Ich selbst würde explizit davon abraten, da noch mehr Komplexität hinein zu bringen. Es gibt absolut keine Notwendigkeit für eine VM oder so. Und wenn dann da noch ein unbekanntes System installiert wird: Wie soll dies klappen?

Daher wirklich Stück für Stück vorgehen - und egal mit was für einem Software Stack er arbeiten möchte: Das geht mit jedem (üblichen) Betriebssystem.

Und wenn, dann wäre mein Ratschlag ggf. ein Raspberry Pi oder so - dann hat er einen dedizierten Server und sein Computer muss nicht durchlaufen. Aber auch das ist einfach nur Overkill für die ersten Schritt. Und da würde ich vor allem Wert auf Security legen.


----------



## temi (25. Aug 2022)

KonradN hat gesagt.:


> Ich selbst würde explizit davon abraten, da noch mehr Komplexität hinein zu bringen. Es gibt absolut keine Notwendigkeit für eine VM oder so. Und wenn dann da noch ein unbekanntes System installiert wird: Wie soll dies klappen?
> 
> Daher wirklich Stück für Stück vorgehen - und egal mit was für einem Software Stack er arbeiten möchte: Das geht mit jedem (üblichen) Betriebssystem.
> 
> Und wenn, dann wäre mein Ratschlag ggf. ein Raspberry Pi oder so - dann hat er einen dedizierten Server und sein Computer muss nicht durchlaufen. Aber auch das ist einfach nur Overkill für die ersten Schritt. Und da würde ich vor allem Wert auf Security legen.
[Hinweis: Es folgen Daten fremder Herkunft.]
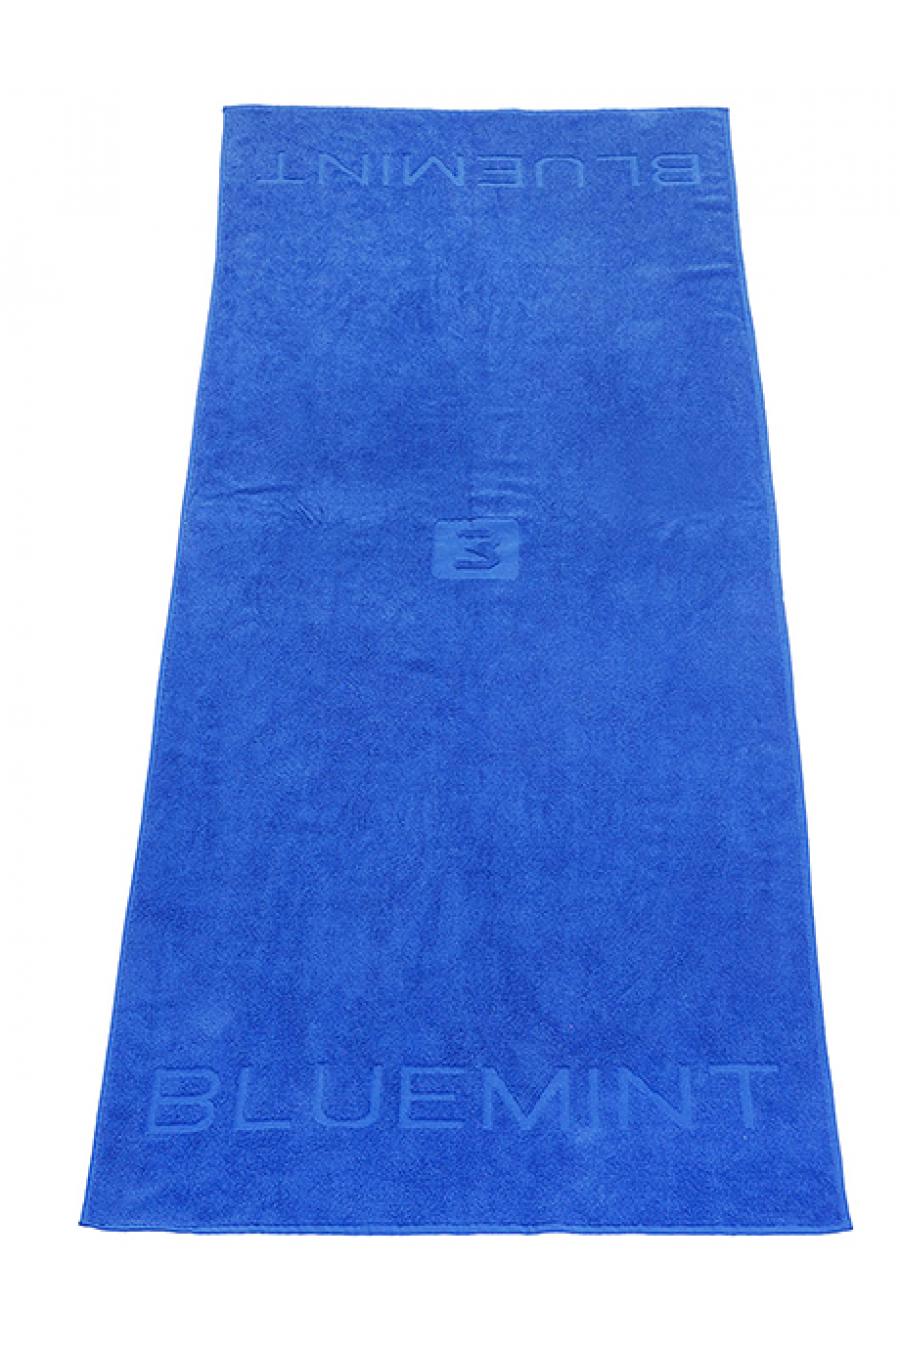 BLUEMINT - Hector Plaj Havlusu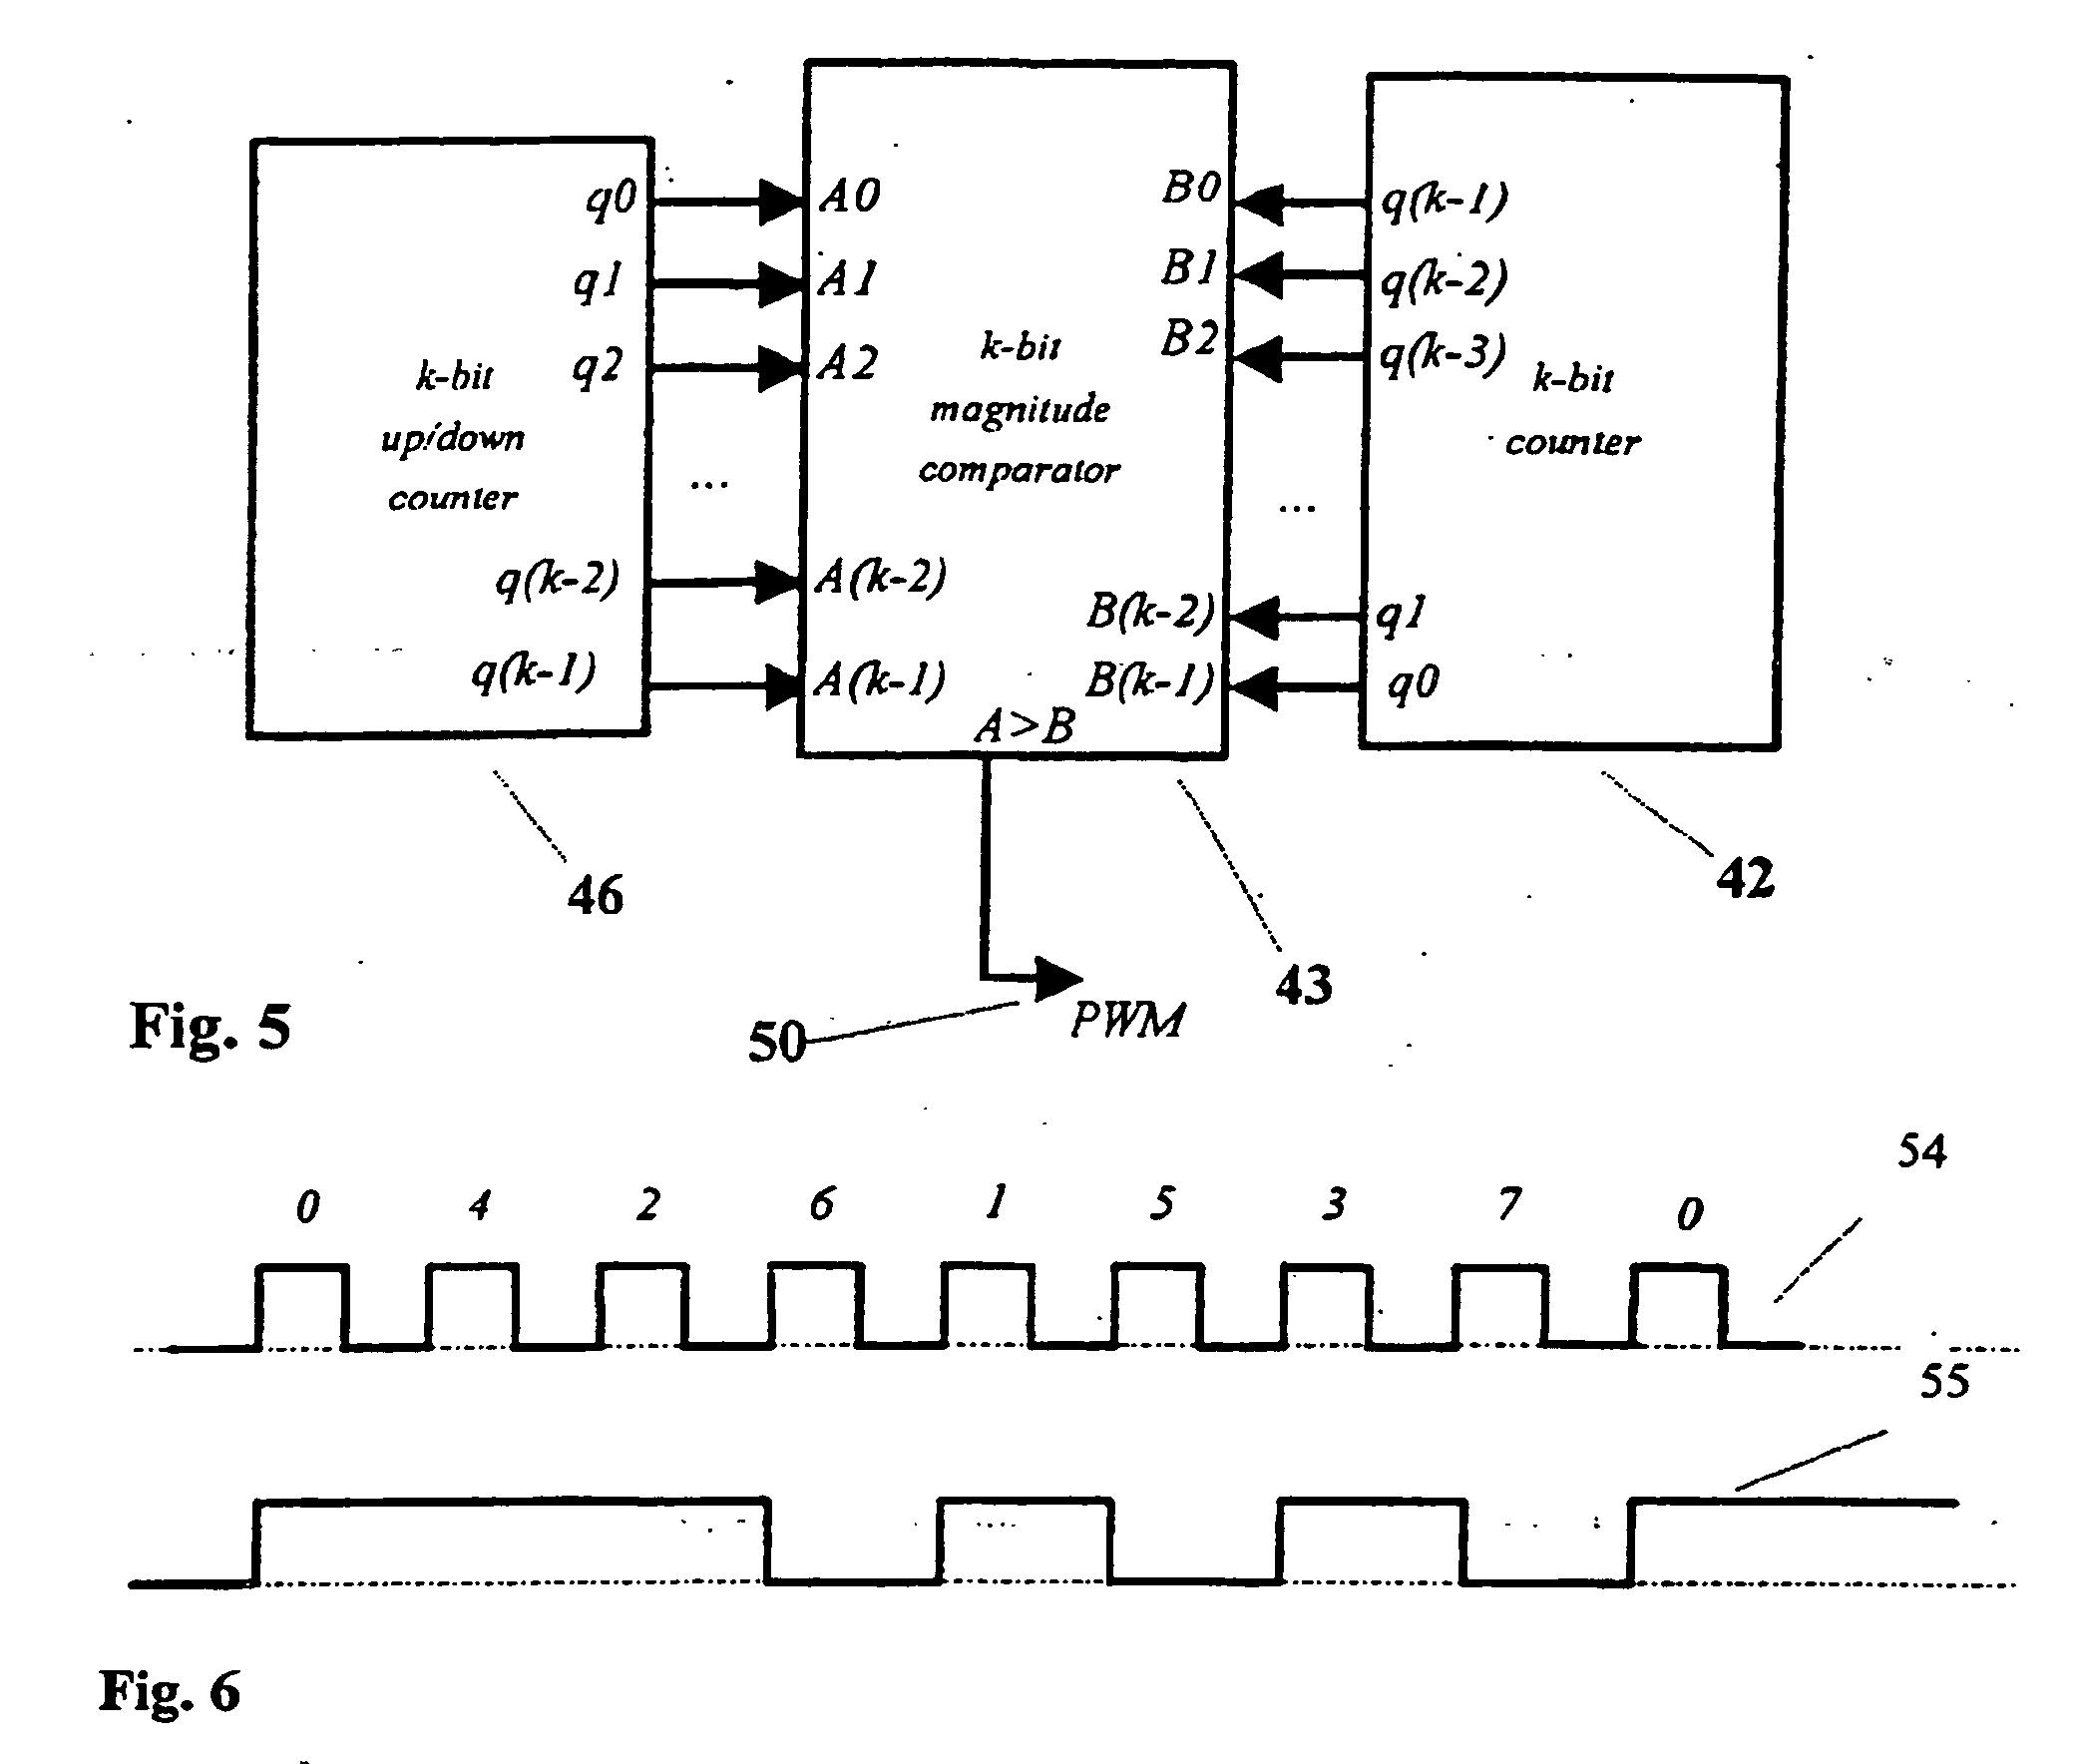 pulse width modulation electronics in meccano

Das Thema ist komplex und besteht aus mehreren Themenfeldern mit denen sie/er sich intensiv beschäftigen muss. Der Betrieb eines Servers ist nur ein kleiner Teil davon und von "durchlaufen" ist sie/er noch meilenweit entfernt. Falls er einen Raspi hat, dann in Ordnung (der muss allerdings auch installiert werden), aber die virtuelle Lösung erfordert keinen Kostenaufwand und *ich* würde nicht das Risiko eingehen mir mein Arbeitsystem mit allen möglichen XAMPP und sonstigen Installationen zu zerschießen. Das ist ausdrücklich meine persönliche Meinung.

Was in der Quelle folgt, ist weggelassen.